**REQUIRED WORK:** Restate the data word for word. Leave the pictures out.

**DATA:**
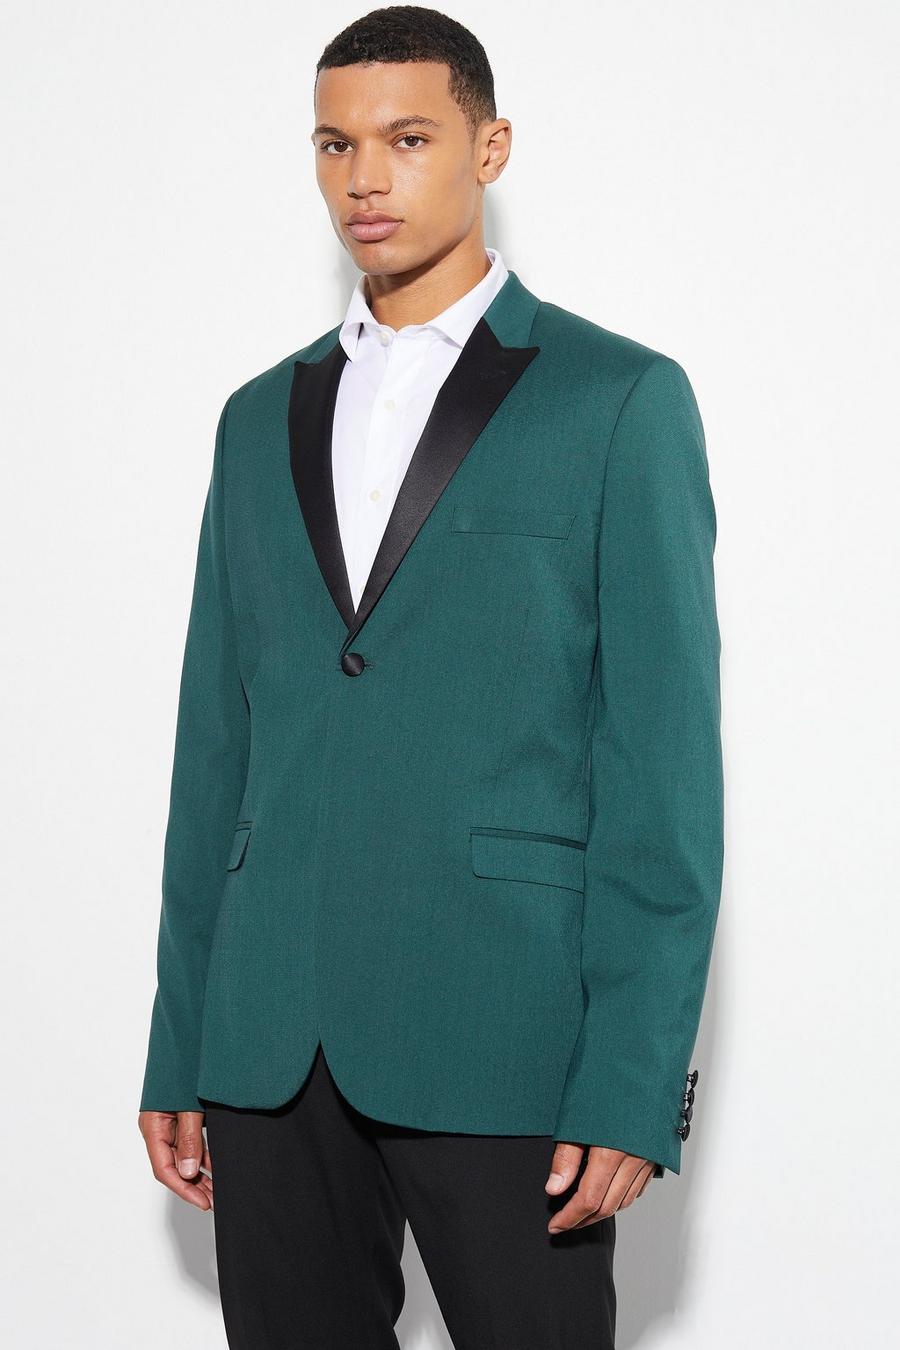 Forest verde Tall Skinny Tuxedo Single Breasted Suit Jacket
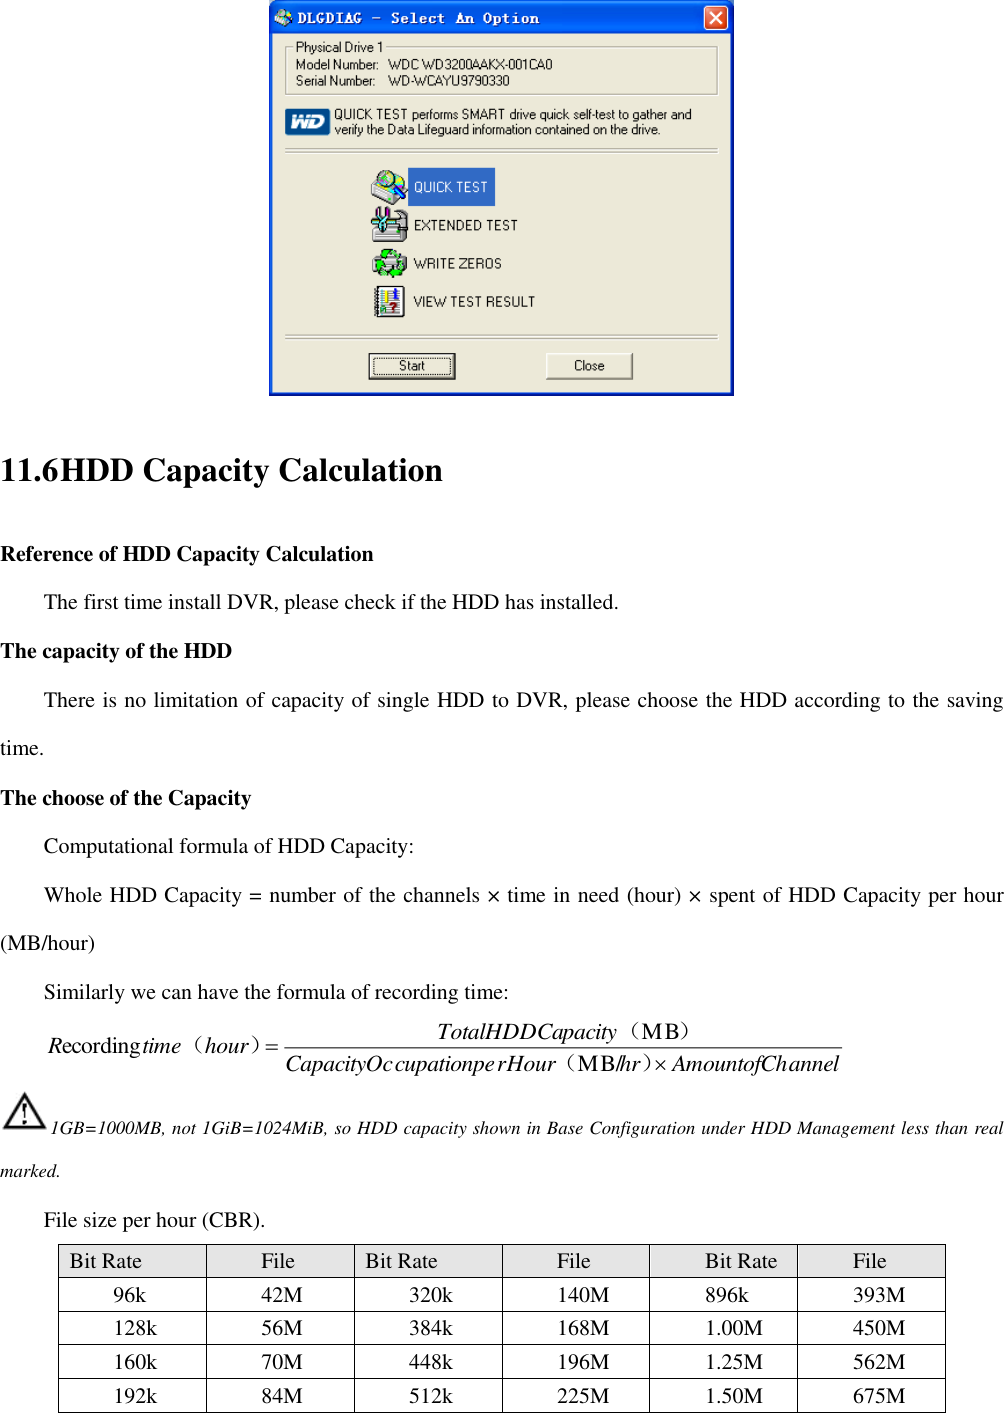  11.6 HDD Capacity Calculation Reference of HDD Capacity Calculation The first time install DVR, please check if the HDD has installed. The capacity of the HDD There is no limitation of capacity of single HDD to DVR, please choose the HDD according to the saving time. The choose of the Capacity Computational formula of HDD Capacity: Whole HDD Capacity = number of the channels × time in need (hour) × spent of HDD Capacity per hour (MB/hour) Similarly we can have the formula of recording time: annelAmountofChhrrHourcupationpeCapacityOcpacityTotalHDDCahourtimeR ）（）（）（ MB/MBecording 1GB=1000MB, not 1GiB=1024MiB, so HDD capacity shown in Base Configuration under HDD Management less than real marked. File size per hour (CBR). Bit Rate File Bit Rate File Bit Rate File 96k 42M 320k 140M 896k 393M 128k 56M 384k 168M 1.00M 450M 160k 70M 448k 196M 1.25M 562M 192k 84M 512k 225M 1.50M 675M 
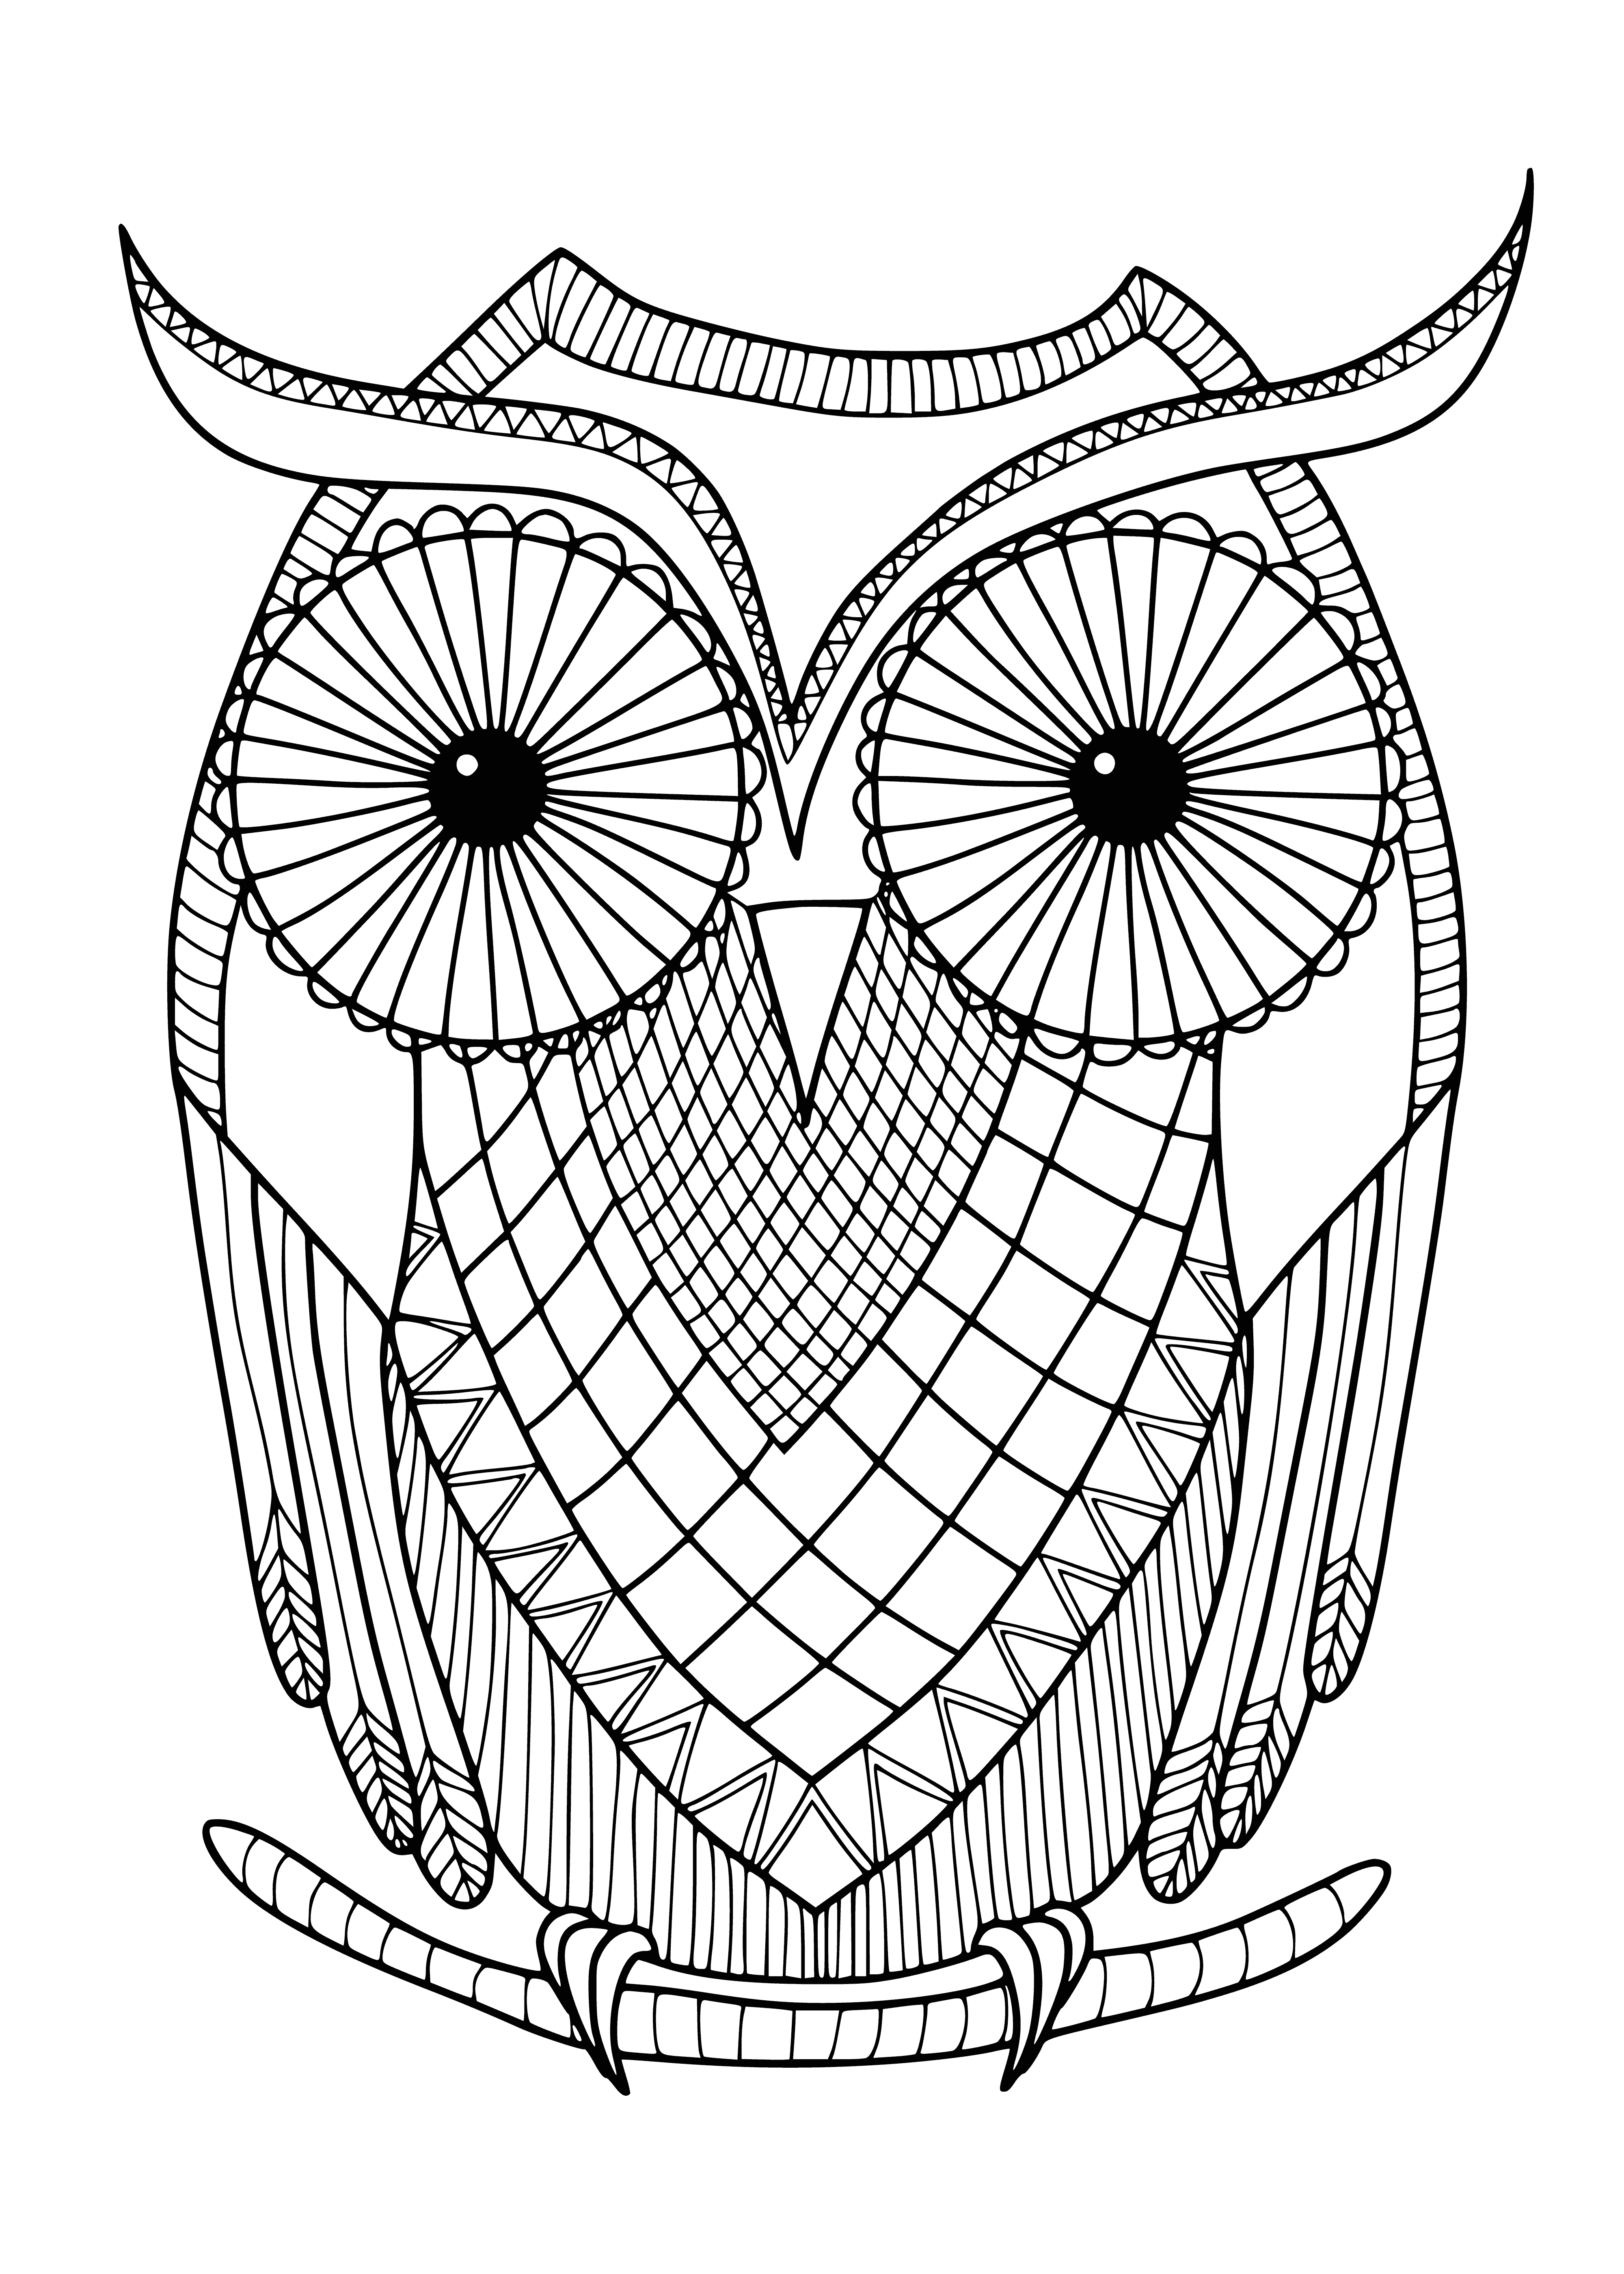 coloring page: Two owls, one brown & one white, sit on a tree branch. Brown owl has eyes closed, white has eyes open. #coloringpage

**EXERCISE RESULT:**
 Forest verde Tall Skinny Tuxedo Single Breasted Suit Jacket
  11.6 HDD Capacity Calculation Reference of HDD Capacity Calculation The first time install DVR, please check if the HDD has installed. The capacity of the HDD There is no limitation of capacity of single HDD to DVR, please choose the HDD according to the saving time. The choose of the Capacity Computational formula of HDD Capacity: Whole HDD Capacity = number of the channels × time in need (hour) × spent of HDD Capacity per hour (MB/hour) Similarly we can have the formula of recording time: annelAmountofChhrrHourcupationpeCapacityOcpacityTotalHDDCahourtimeR ）（）（）（ MB/MBecording 1GB=1000MB, not 1GiB=1024MiB, so HDD capacity shown in Base Configuration under HDD Management less than real marked. File size per hour (CBR). Bit Rate File Bit Rate File Bit Rate File 96k 42M 320k 140M 896k 393M 128k 56M 384k 168M 1.00M 450M 160k 70M 448k 196M 1.25M 562M 192k 84M 512k 225M 1.50M 675M 
 coloring page: Two owls, one brown & one white, sit on a tree branch. Brown owl has eyes closed, white has eyes open. #coloringpage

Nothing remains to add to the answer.